I understood that it had been accepted by both sides that there would be a discussion on the motion—perhaps the motion already on the paper, and that it would take place as early as possible after Easter.

With no limitation as to three hours' debate?

Oh, that is not so.

That is agreed? There is to be no limitation?

The question of time is open for arrangement.

When it is stated to be open, it is not to be limited to three hours?

That would not be open. I understand from the Whip of the main Opposition Party that the question for discussion on this Vote by speakers from that side, is that increasing Government expenditure has reacted disastrously on employment.

The very important fact to which we think it necessary to draw attention at present is that the Government is a poor substitute as an employer for the ordinary employing machinery, either industrially or agriculturally. In bringing the House down to consider certain facts in connection with that matter, I have been encouraged, firstly, by an article in the Sunday Independent of 3rd March last, wherein is discussed that increased taxation means more unemployment and less security for workers and, secondly, by the type of speech made by the Minister for Supplies, who for so long was Minister for Industry and Commerce and was responsible for unemployment, at the University last night. The Minister for Supplies last night said that our public life required “the stimulus of a new challenge to the assumed facts and accepted theories upon which all their political policies and theories were based”. He thought that we were facing a real danger now; that it arose out of the unemployment position, and the fact that the machinery of the present system was not dealing with the unemployment situation; that the only hope that some light might be thrown on the matter was that the younger generation would wake up and take interest in public affairs; and that neither the industrial leaders nor the Labour leaders at the present time appeared to have any clear appreciation of the parts they must play if we are to cope with unemployment.

The Minister for Supplies who, as I say, has been for so long a time Minister for Industry and Commerce, who started with a plan to deal with unemployment and who, together with his colleagues in the Government, succeeded in getting a very substantial sum of money—all taken from the pockets of the taxpayers and ratepayers of this country—went to the Commerce Society of University College, Dublin, last night, and said that we were in very great danger and that we wanted something in the present situation in the way of the stimulus of a new challenge to all concerned: a challenge to the assumed facts and the accepted theories of the situation. So far as we can see from his remarks, the challenge that he seems to expect is a challenge that youth will throw a brick through the national parlour window and thus make people wake up inside in order to see what it is all about.

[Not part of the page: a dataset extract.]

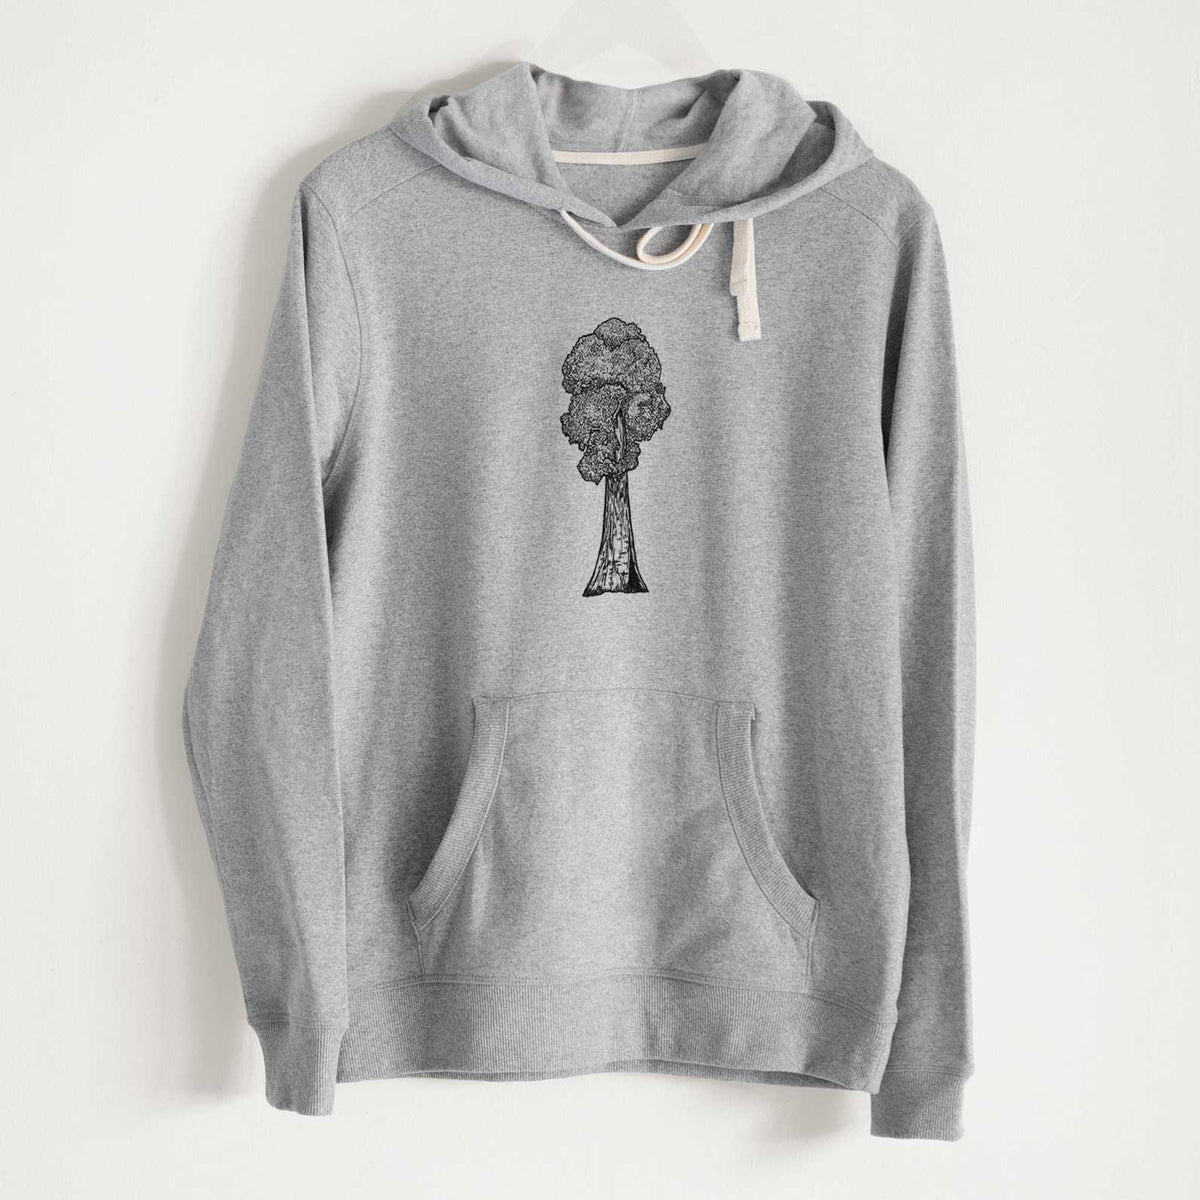 Sequoia - Unisex Recycled Hoodie - CLOSEOUT - FINAL SALE

It paints the Minister for Supplies as being in a very hopeless position, but the Minister for Supplies, more than anybody else, is one of the people who is responsible for "the assumed facts and the accepted theories" in the present situation, and one of the assumed facts, belled and bellowed from one end of the country to the other and rammed down the throats of the people here in this House and in the country—and the outstanding fact —is that ever since the present Government took over the handling of substantially increasing portions of the people's money, and spent that money themselves, employment has been increasing and continuing to increase, and that everything, so far as the increasing of employment in the country is concerned, has been going on splendidly. That is one of the assumed facts, and the only theory that I can see operating on the situation since Fianna Fáil came into office was that the Government were the people who could best spend the money that our people have.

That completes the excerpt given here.